Applicants swamp vaccine site
The online portal to schedule appointments for the COVID-19 vaccine was bombarded with 128,000 hits on the first day, while more than 4,000 calls were fielded as Jamaicans sought to register for the jab.
The portal was opened to the public at 10 a.m. on Monday.
Up to Tuesday morning, more than 15,800 passwords were generated. Many of the individuals who engaged the system were not within the targeted groups, which are persons 75 years and older, as well as members of the Jamaica Constabulary Force (JCF) or the Jamaica Defence Force (JDF). Those who are not in these groups were not able to register.
WATCH: Vaccination at The Golden Age Home
More than 4,000 people had successfully made appointments up to Tuesday morning, although there are 31,000 vaccination slots. The rush to set appointments has forced call centres to increase their agents, as about 30 per cent of the calls were not answered on the first day.
Health ministry officials are now appealing to persons not in the target groups to be patient and wait their turn.
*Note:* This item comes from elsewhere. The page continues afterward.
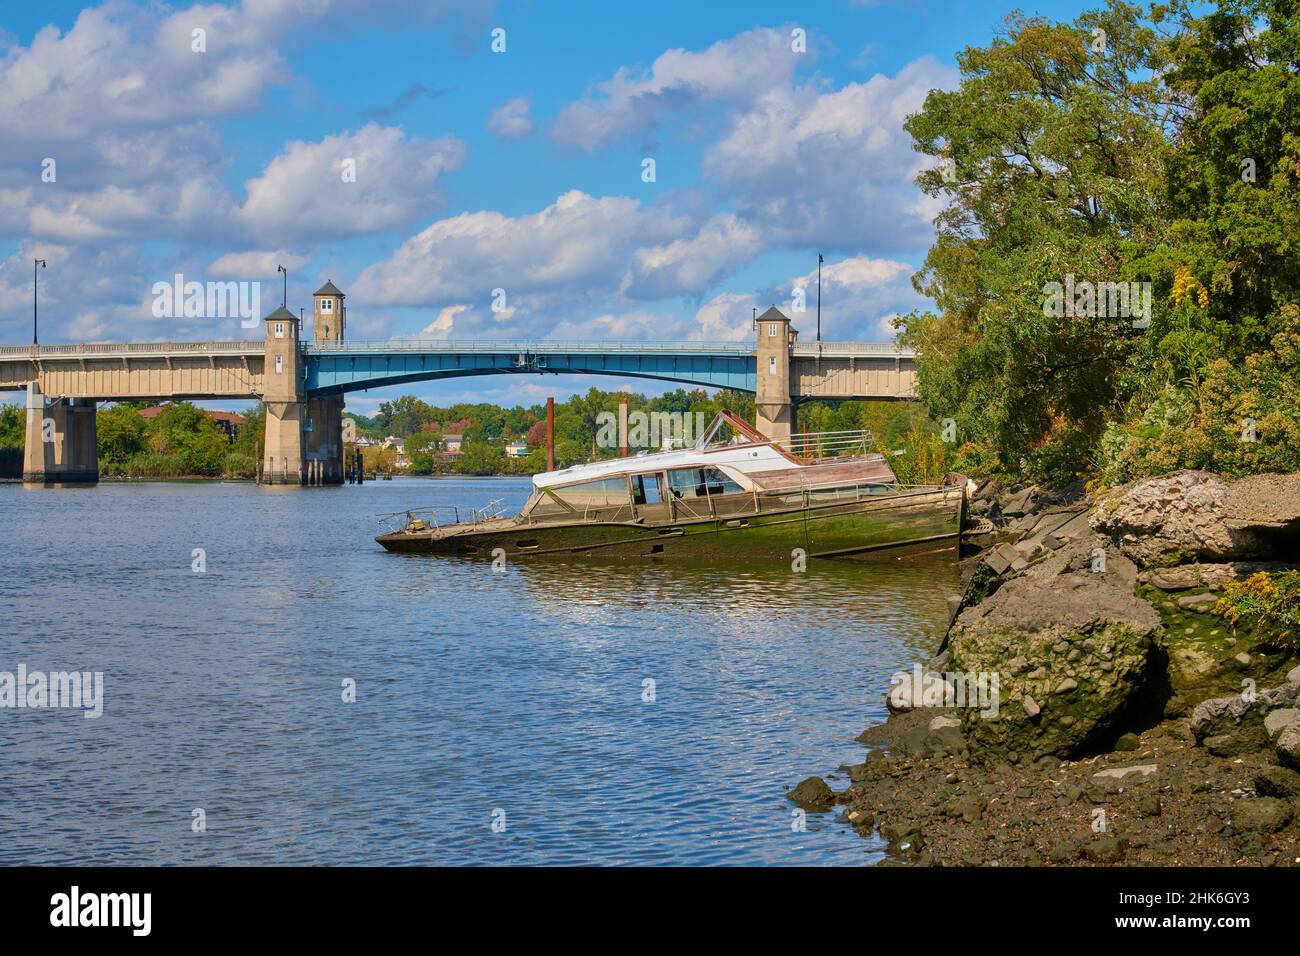 Barca a vela d'epoca a terra a metà. Sulle rive del fiume Hackensack nel New Jersey, USA. Guardando verso nord verso il ponte levatoio su Winant Avenue Foto Stock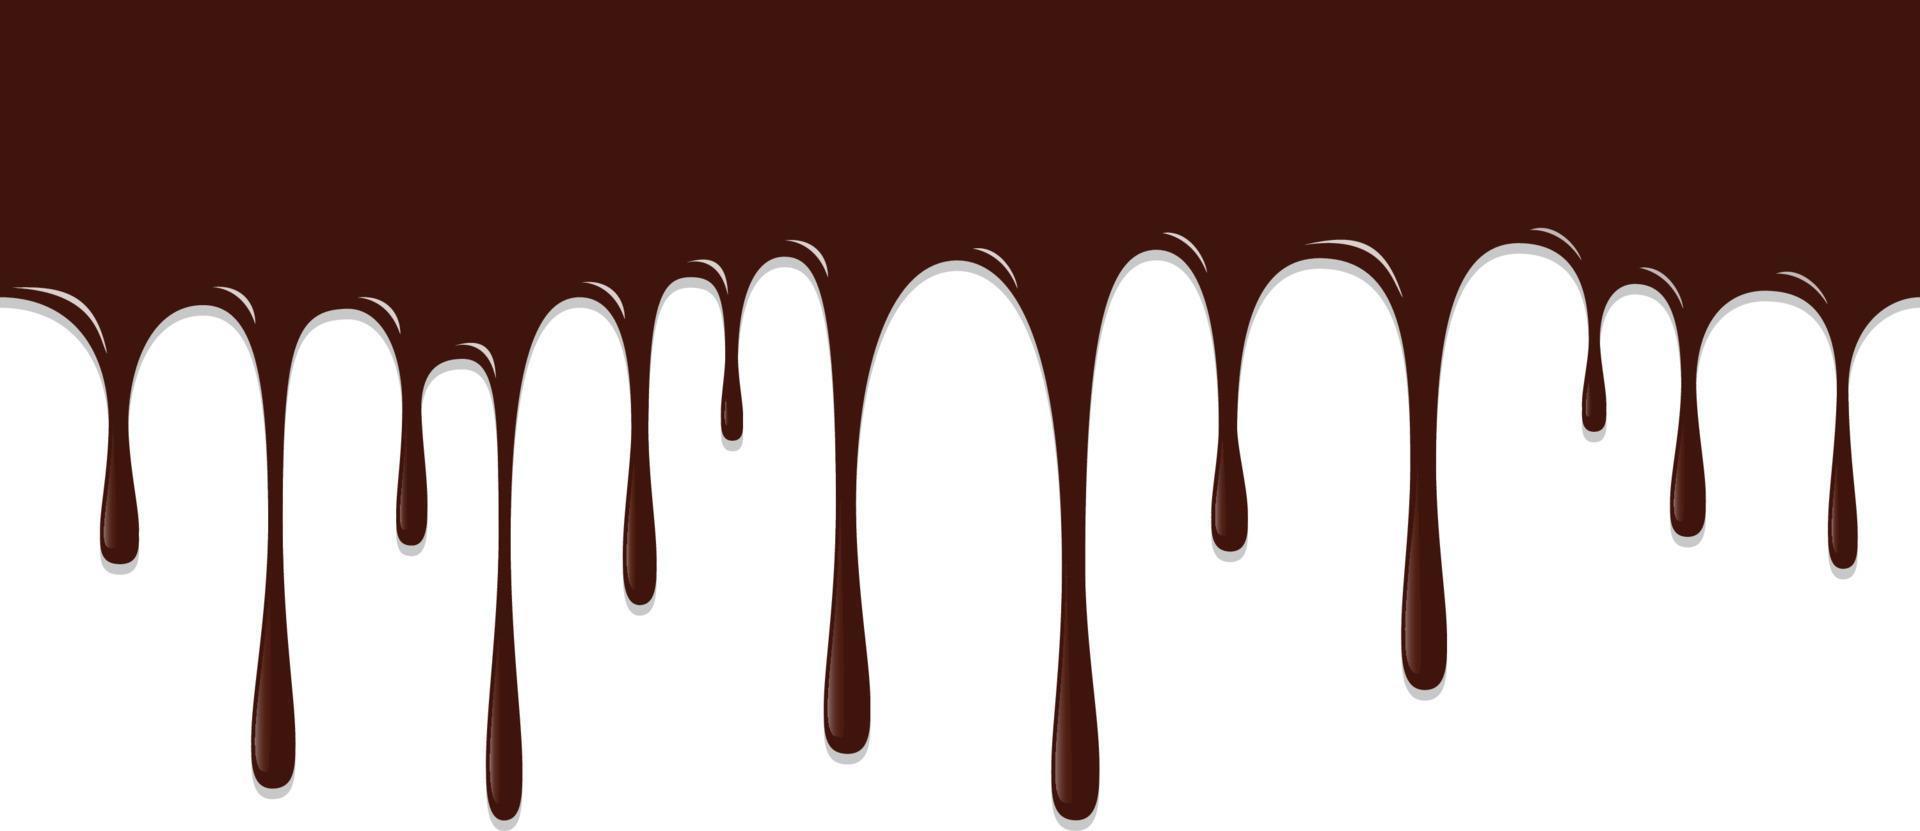 gotejamento de chocolate, ilustração vetorial de fundo de chocolate vetor

Would-be line skippers were clogging the system, said Dunstan Bryan, permanent secretary in the Ministry of Health & Wellness.
“It does create a lot of traffic, and slows the ability of other persons who are registered to access and make an appointment,” he said.
Jamaica started administering the vaccine on March 10, approximately one year after the first case of COVID-19 was confirmed in the country.
Approximately 64,400 doses of the Oxford-AstraZeneca vaccine have been delivered here, including a gift of 50,000 from the Indian government.
As at Tuesday, 26,512 Jamaicans, including Prime Minister Andrew Holness and Opposition Leader Mark Golding, were vaccinated.
The majority of those vaccinated so far are healthcare workers, as more than 14,000 have received the jab. This represents 68 per cent of those in the health sector.
DANGEROUS SURGE
Director of the Pan American Health Organization (PAHO), Carissa F. Etienne, cautioned on Tuesday that the virus is surging dangerously in the Americas, for which more than 2.2 million doses of COVID-19 vaccines have been procured through the COVAX Facility.
Immunisation campaigns are currently under way in 33 of the 35 countries in Latin America and the Caribbean that are members of PAHO. The organisation is assisting Haiti and Cuba, which have yet to start immunisation.
Etienne noted that in the Caribbean, the infection rate was a cause for concern in countries such as Jamaica, Cuba, Aruba, Curaçao, and Antigua and Barbuda.
“In Jamaica, cases have risen steadily for several weeks,” the PAHO director said.
“As the virus surges and hospitalisations rise, we urgently need to scale up vaccination among our most vulnerable populations.”
Almost 156 million doses of vaccine, including the COVAX deliveries, have been rolled out in the Americas.
Several residents at the Golden Age Home in Kingston were vaccinated on Tuesday as the Government expanded its efforts to inoculate the most vulnerable. According to the MOHW interim vaccination implementation plan, 174,987 elderly persons are being targeted.